# My Tabouli recipe



## SG_67 (Mar 22, 2014)

Summer is upon us…Finally!

I wanted to share my Tabouli recipe with everyone. First, I am not a chef so I will post it in the only proportions I know. You're are certainly welcome to change to proportions to taste.

Basic ingredients:
2 lbs. of bulgur wheat (available at Whole Foods in the bulk section)
5 vine ripened tomatos (small-medium sized)
1.5 seedless cucumbers
1/2 sweet, white or red onion
2 bunches of parsley (cleaned and stemmed)
2 clam shell containers of mint (cleaned and stemmed)
2-3 lemons
Feta cheese (8 oz. optional, I prefer sheep's milk feta)
Pepper and olive oil

Put the bulgur wheat into a large bowl and pour olive oil over it until you've covered the surface of the wheat. I use probably about 1.5 cups. Add pepper and let sit. 
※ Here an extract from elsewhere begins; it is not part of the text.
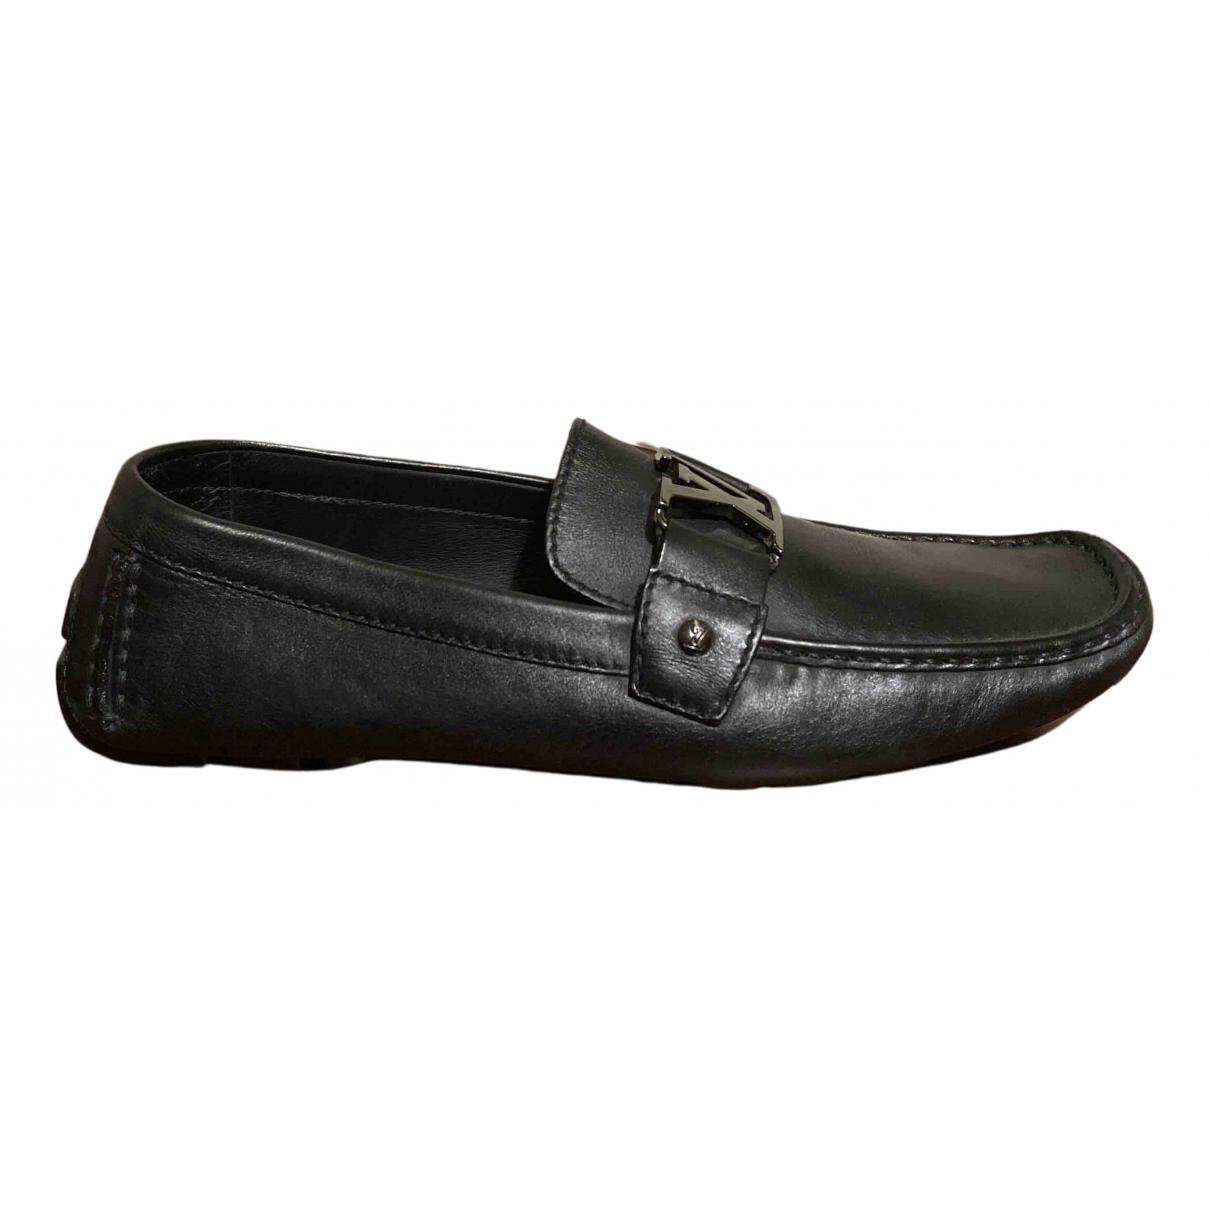 Louis Vuitton - Mocassins Monte Carlo pour homme en cuir - noir
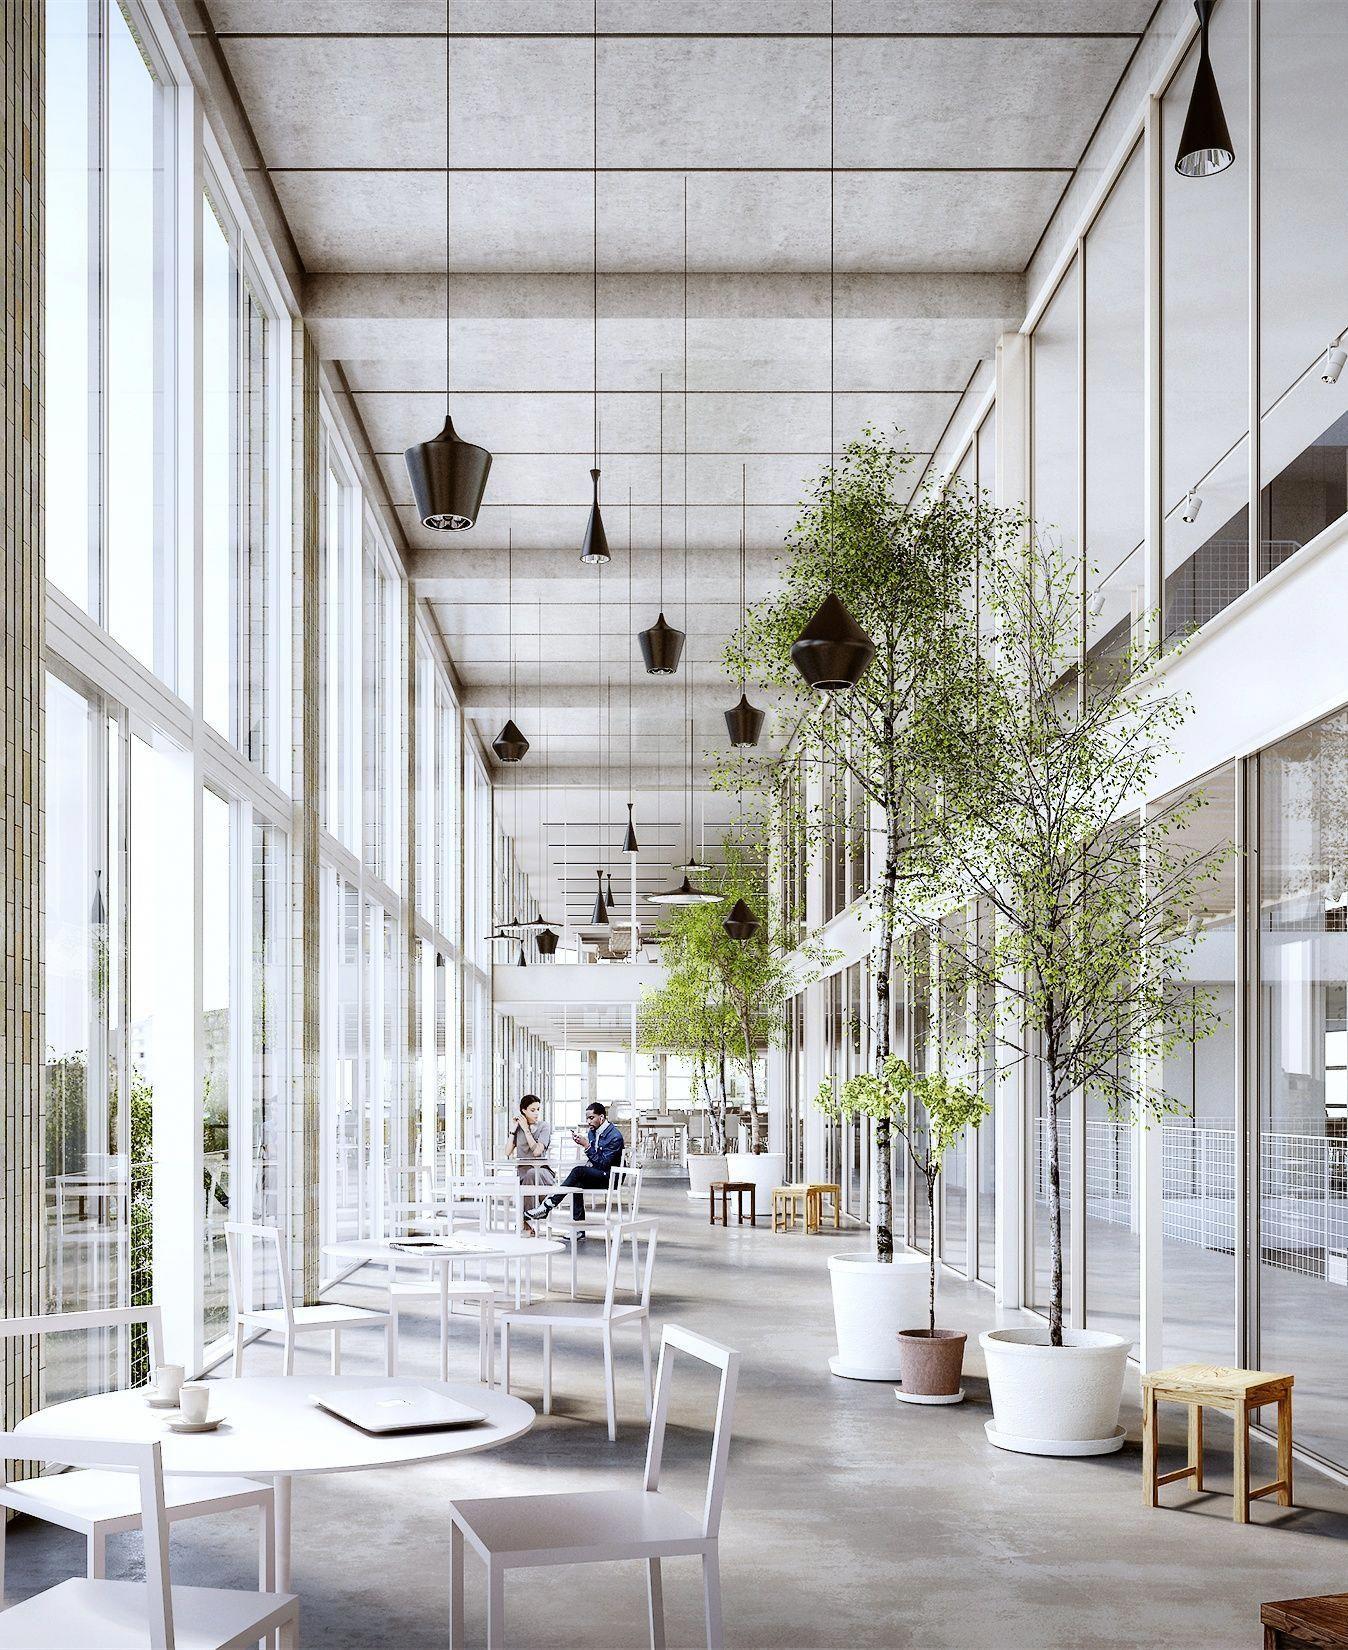 Best Interior Design Schools Interiordesignersnearme Isinteriordesigningagoodcareer Studios Architecture Interior Design School Interior Rendering

Then fine chop the tomatoes, cucumbers and the onion and add to the bulgur. Prepare the parsley and mint and chop fine. Then extract the juice from the lemons (your preferred method) and add. 

I don't add salt as I typically will use the feta cheese. I cut the feta cheese into small cubes and add. Then mix everything until all the ingredients are well integrated. Cover and put in the fridge. 

I don't do anything to the bulgur wheat as it is already cooked. It is hard though, so you will need to keep it in the fridge for a few hours to allow all the fluids and olive oil to soak into the wheat to soften it. 

That size of a batch usually lasts about 1 week. If you're going to a cookout then I'm sure it will be gone faster. 

Enjoy!


----------



## zzdocxx (Sep 26, 2011)

Thank you for sharing that.


----------



## MaxBuck (Apr 4, 2013)

SG 67, tabouli (or tabbouleh) is joined in my memory almost completely with kibbeh, as I first ate the two together at a picnic with a family that was half Lebanese, half Italian. (Few of those folks were able to wear slim-fit clothing!) Do you also make kibbeh when the weather gets warmer?

Good tabbouleh is hard to beat as a cooling dish in a hot climate. I feel cooler just reading the recipe.


----------



## SG_67 (Mar 22, 2014)

MaxBuck said:


> SG 67, tabouli (or tabbouleh) is joined in my memory almost completely with kibbeh, as I first ate the two together at a picnic with a family that was half Lebanese, half Italian. (Few of those folks were able to wear slim-fit clothing!) Do you also make kibbeh when the weather gets warmer?
> 
> Good tabbouleh is hard to beat as a cooling dish in a hot climate. I feel cooler just reading the recipe.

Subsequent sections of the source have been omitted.